### YOUR TASK
Would you write out each line of the material below exactly, skipping every picture?

Segment Start: EXERCISE DATA

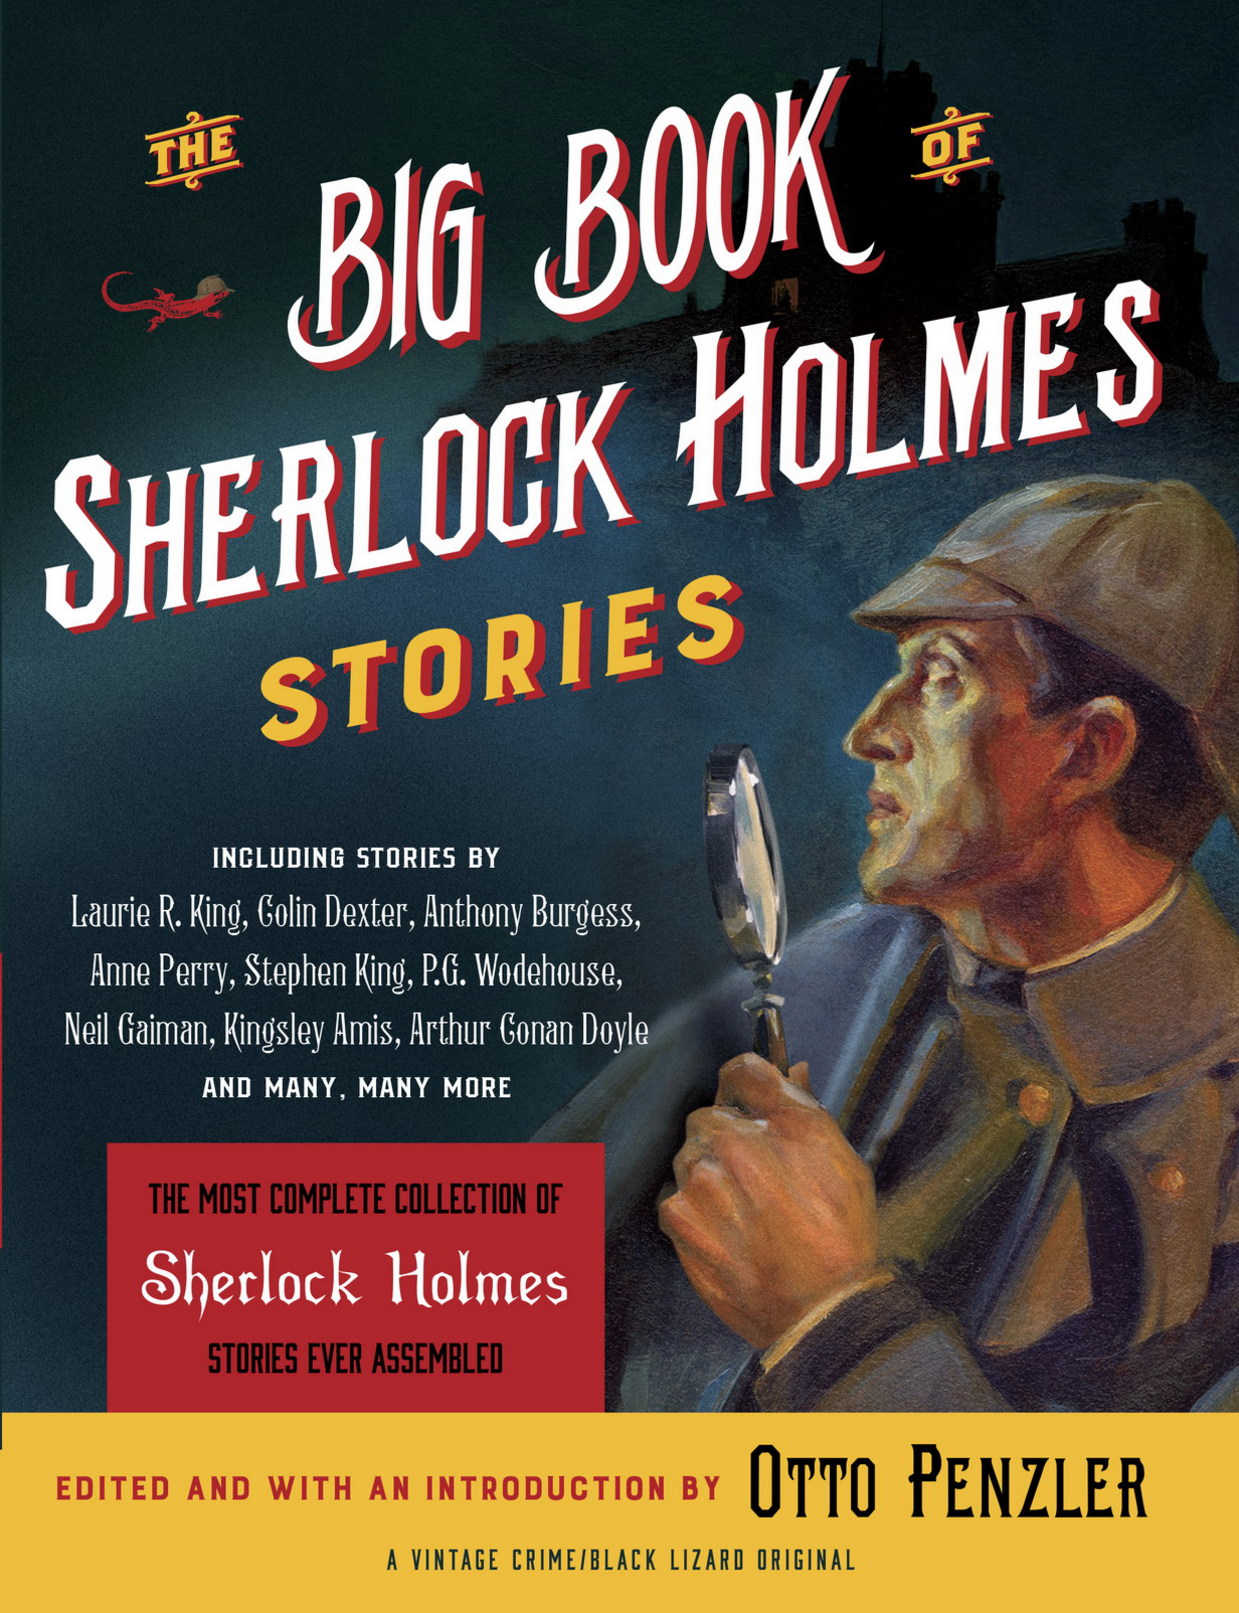 The Big Book of Sherlock Holmes Stories (2015) by Otto Penzler
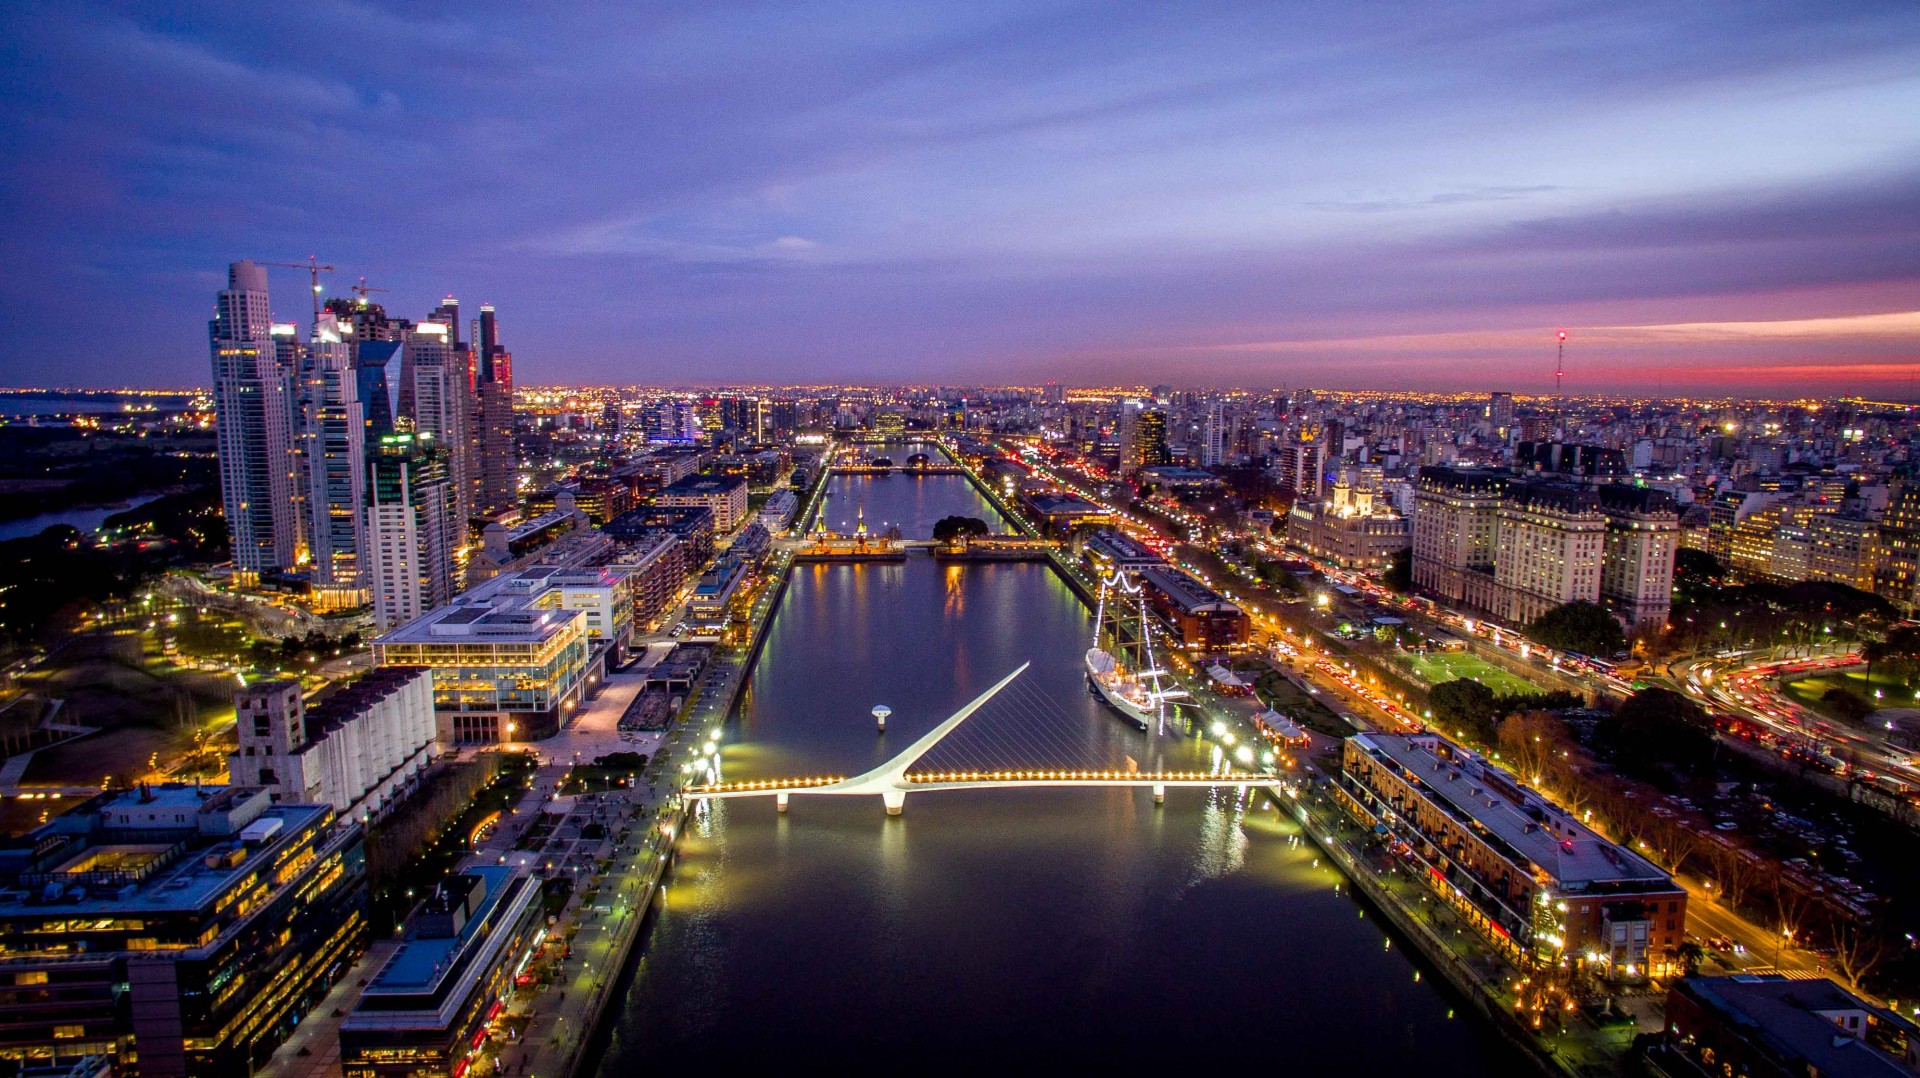 Buenos Aires: 2021's Smartest City in the World - We Build Value
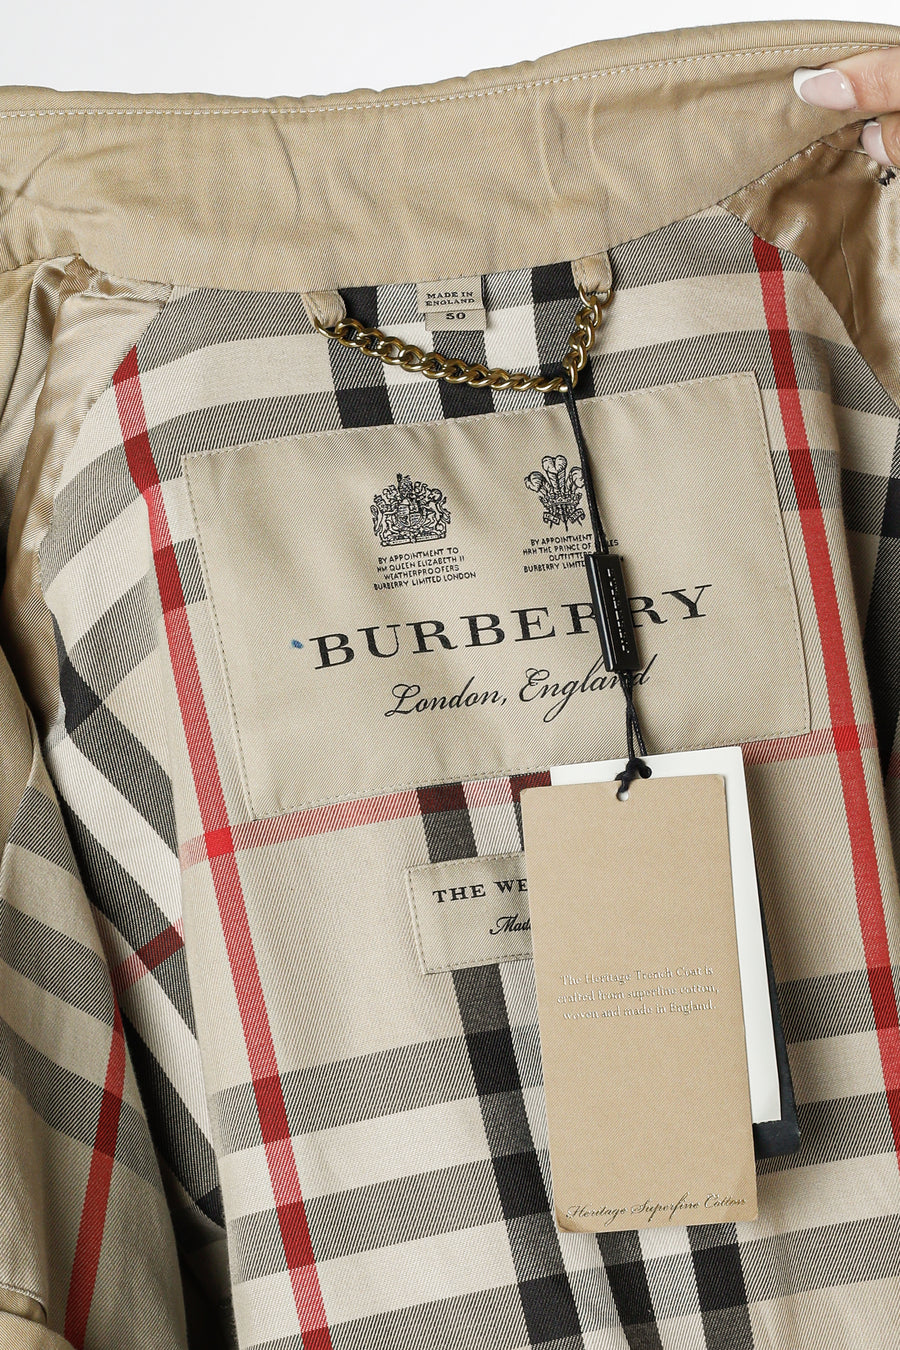 Vintage Burberry Trench Coat - L

Segment End: EXERCISE DATA

### SOLUTION TO THIS EXERCISE
 The Big Book of Sherlock Holmes Stories (2015) by Otto Penzler
 Buenos Aires: 2021's Smartest City in the World - We Build Value
 Vintage Burberry Trench Coat - L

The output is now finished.